[[ Raw data, beginning ]]
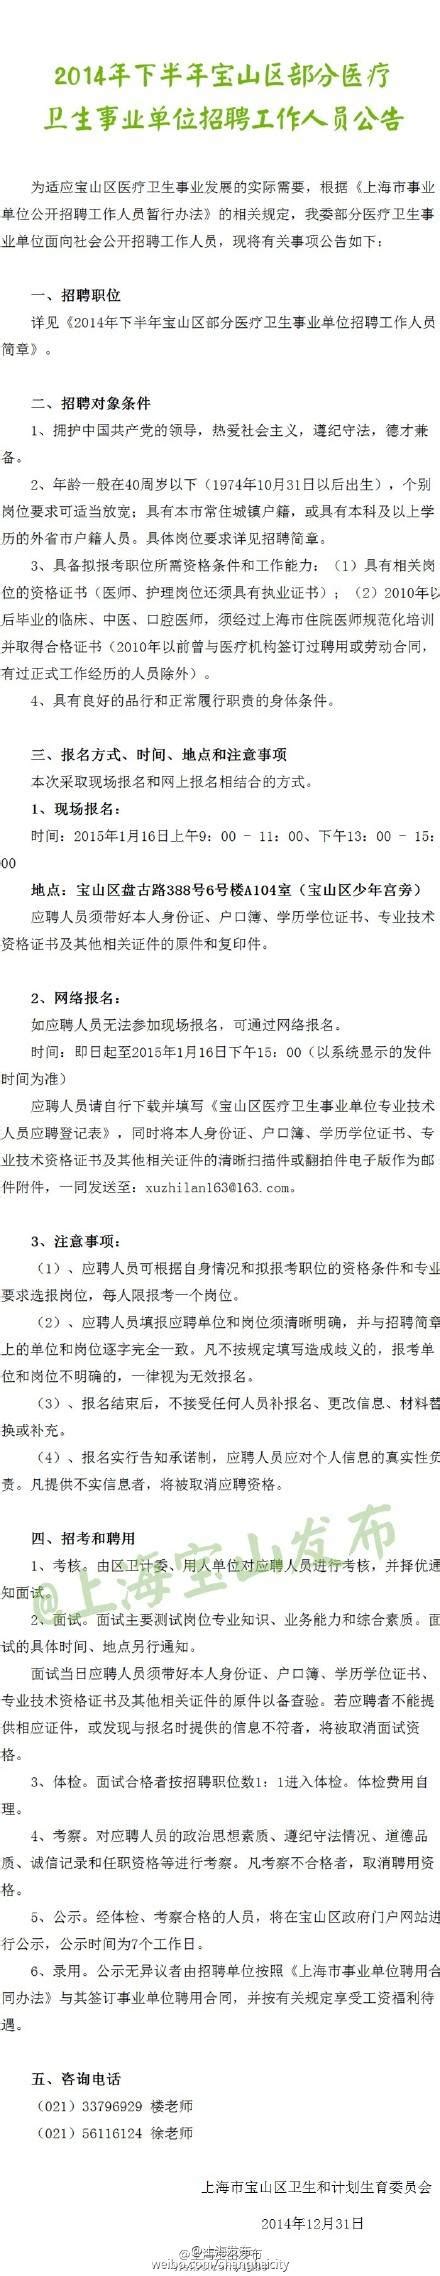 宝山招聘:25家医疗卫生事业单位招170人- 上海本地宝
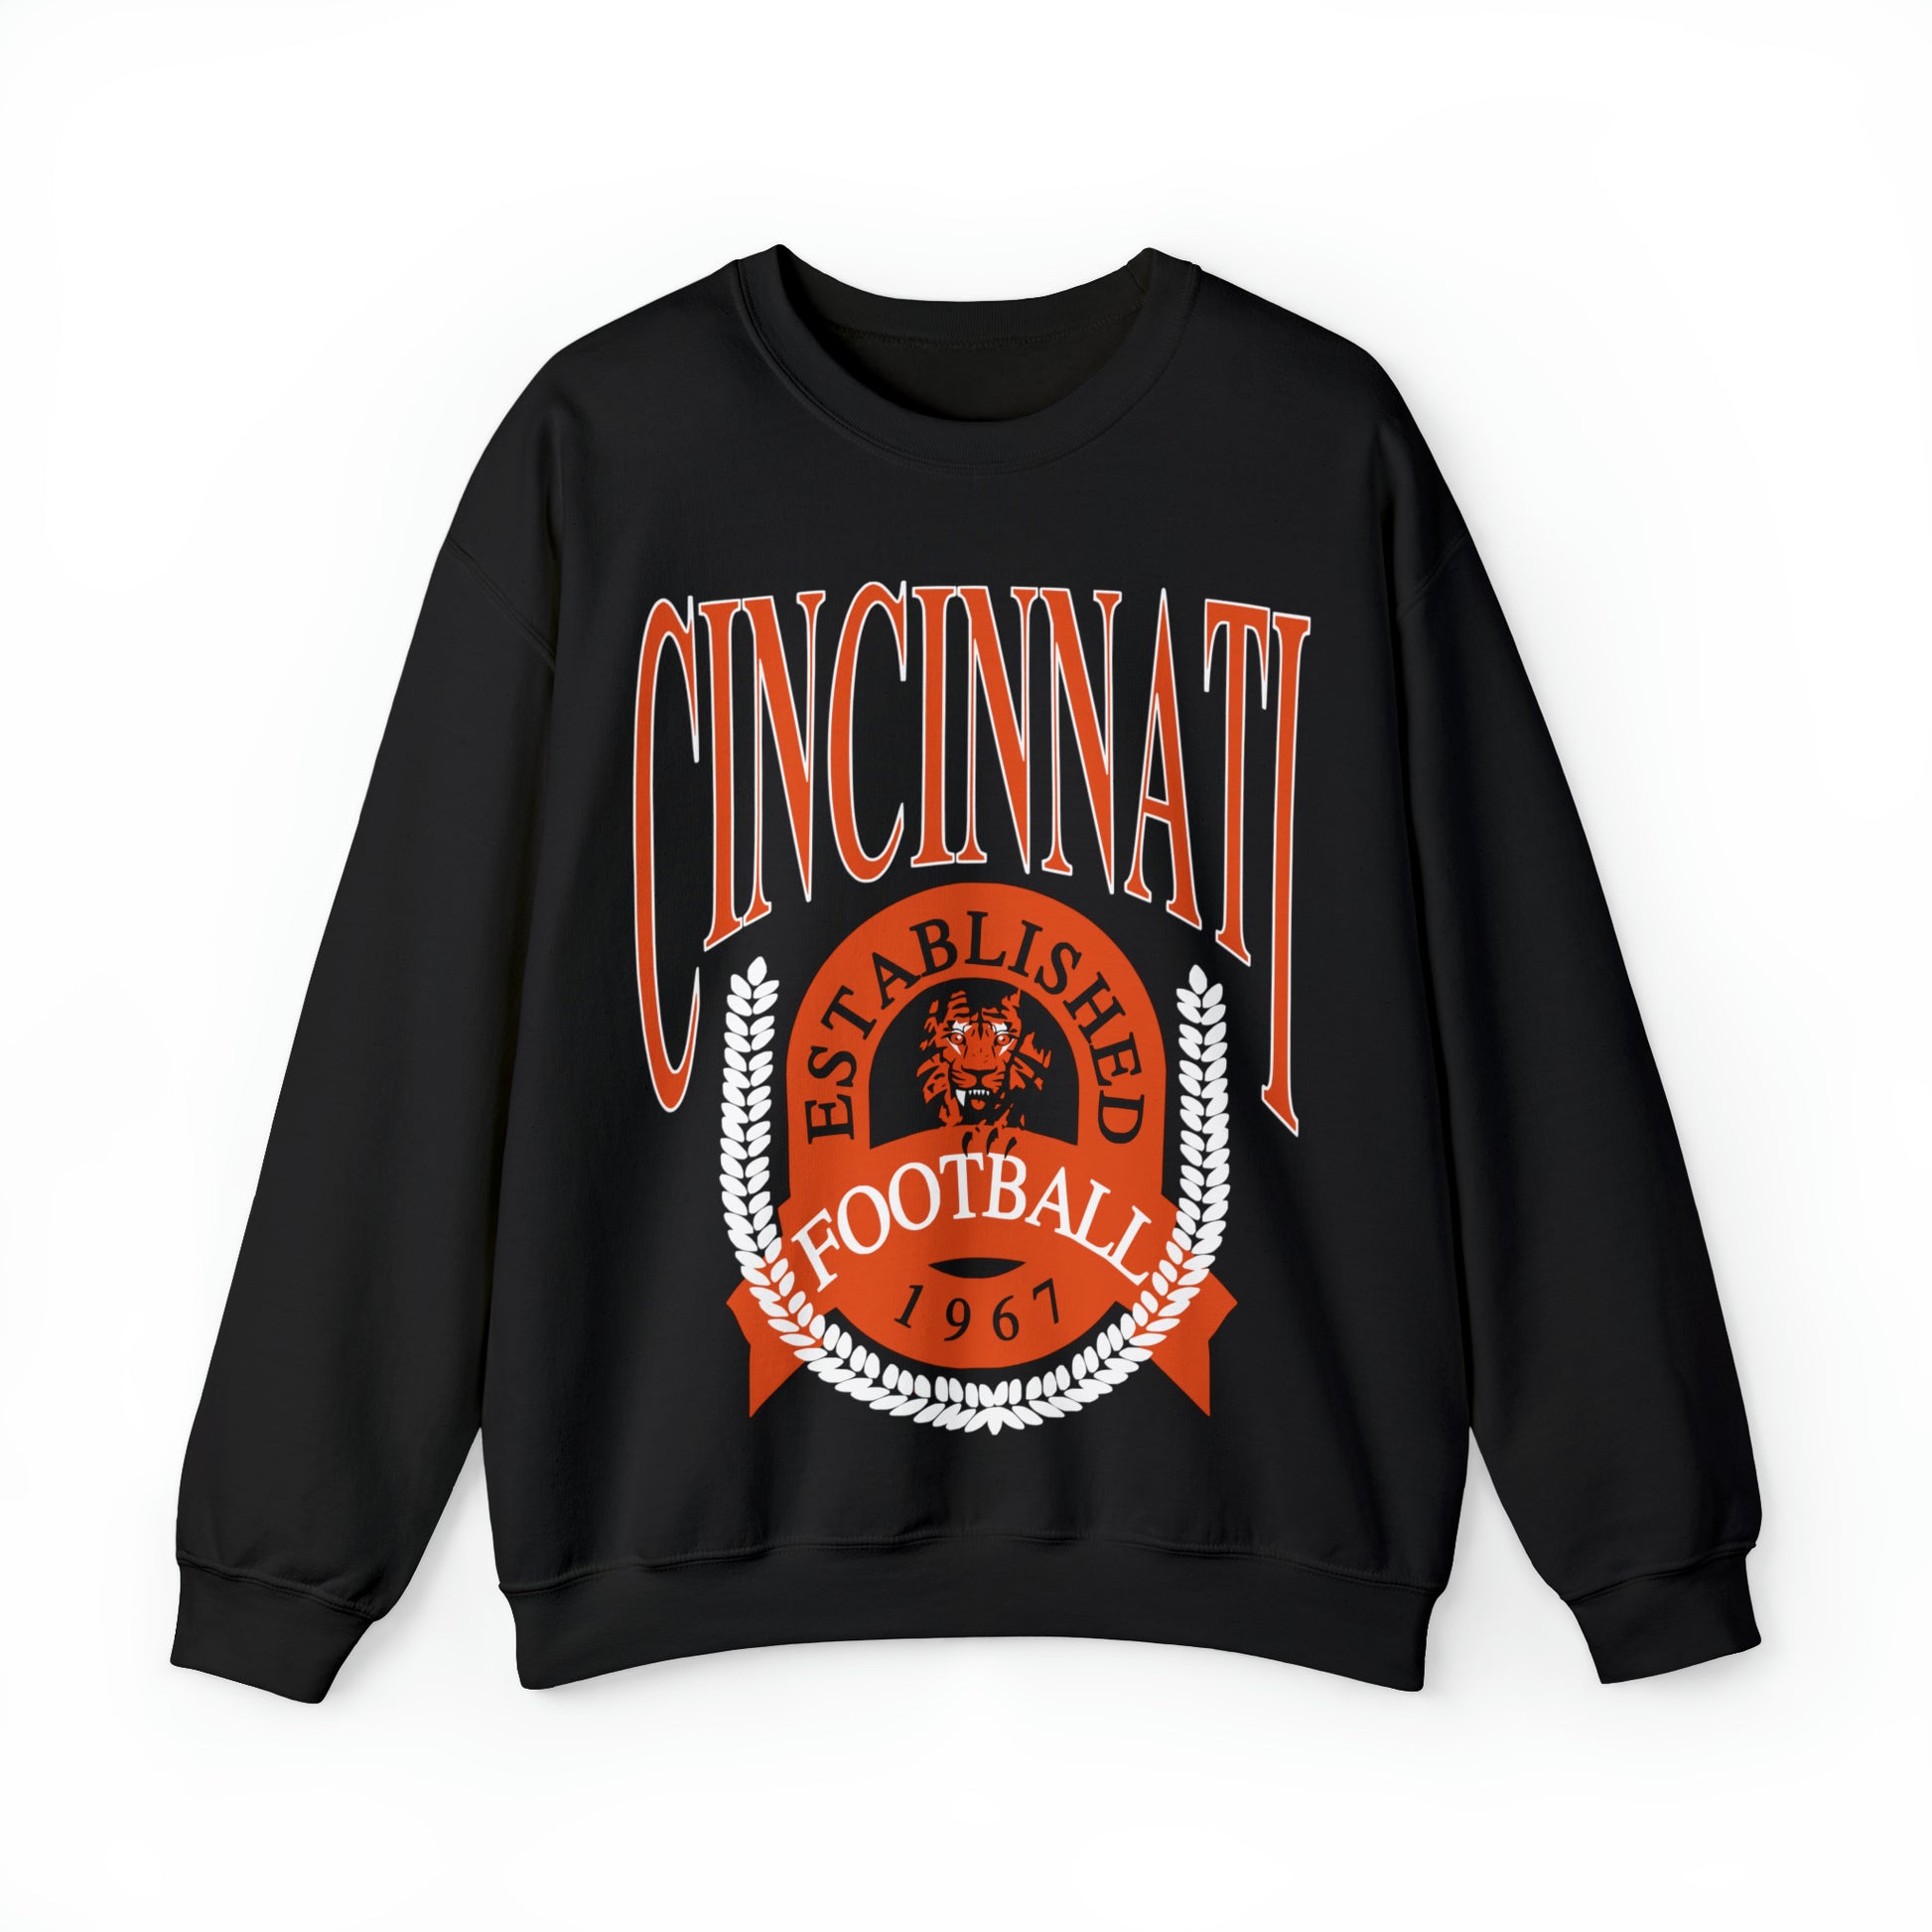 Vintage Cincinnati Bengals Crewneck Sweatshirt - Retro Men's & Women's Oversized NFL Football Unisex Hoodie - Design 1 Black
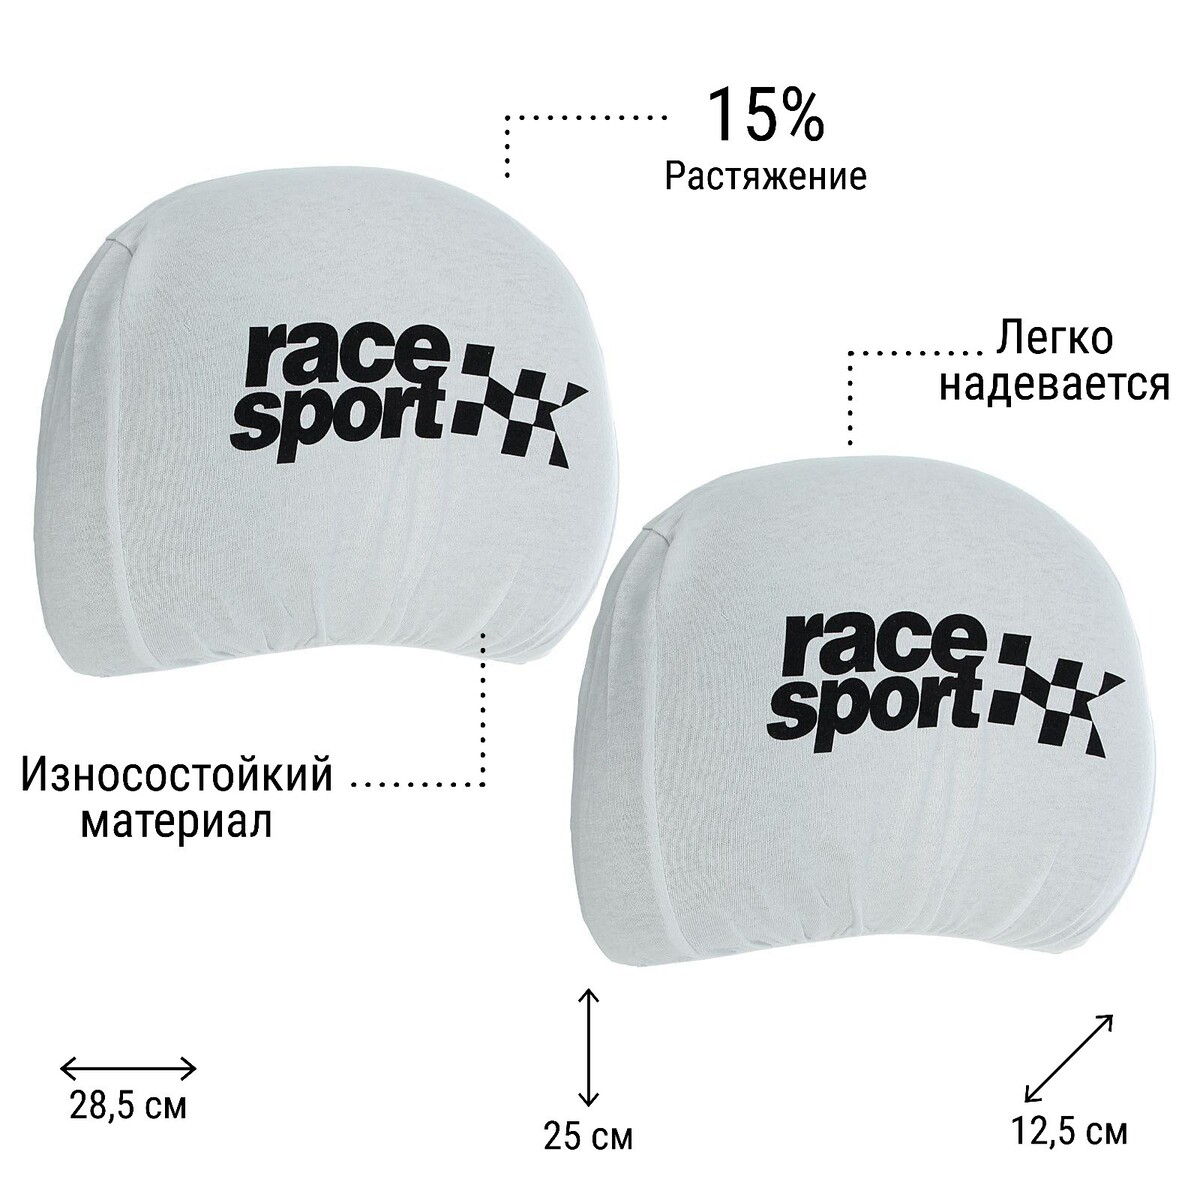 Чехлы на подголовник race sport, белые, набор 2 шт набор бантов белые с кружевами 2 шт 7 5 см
[[ Raw data, end ]]
Instructions for the task
Every last line above must be reproduced as written, and no pictures belong in the copy.

Task response
 宝山招聘:25家医疗卫生事业单位招170人- 上海本地宝
 Vintage Cincinnati Bengals Crewneck Sweatshirt - Retro Men's & Women's Oversized NFL Football Unisex Hoodie - Design 1 Black
 Чехлы на подголовник race sport, белые, набор 2 шт набор бантов белые с кружевами 2 шт 7 5 см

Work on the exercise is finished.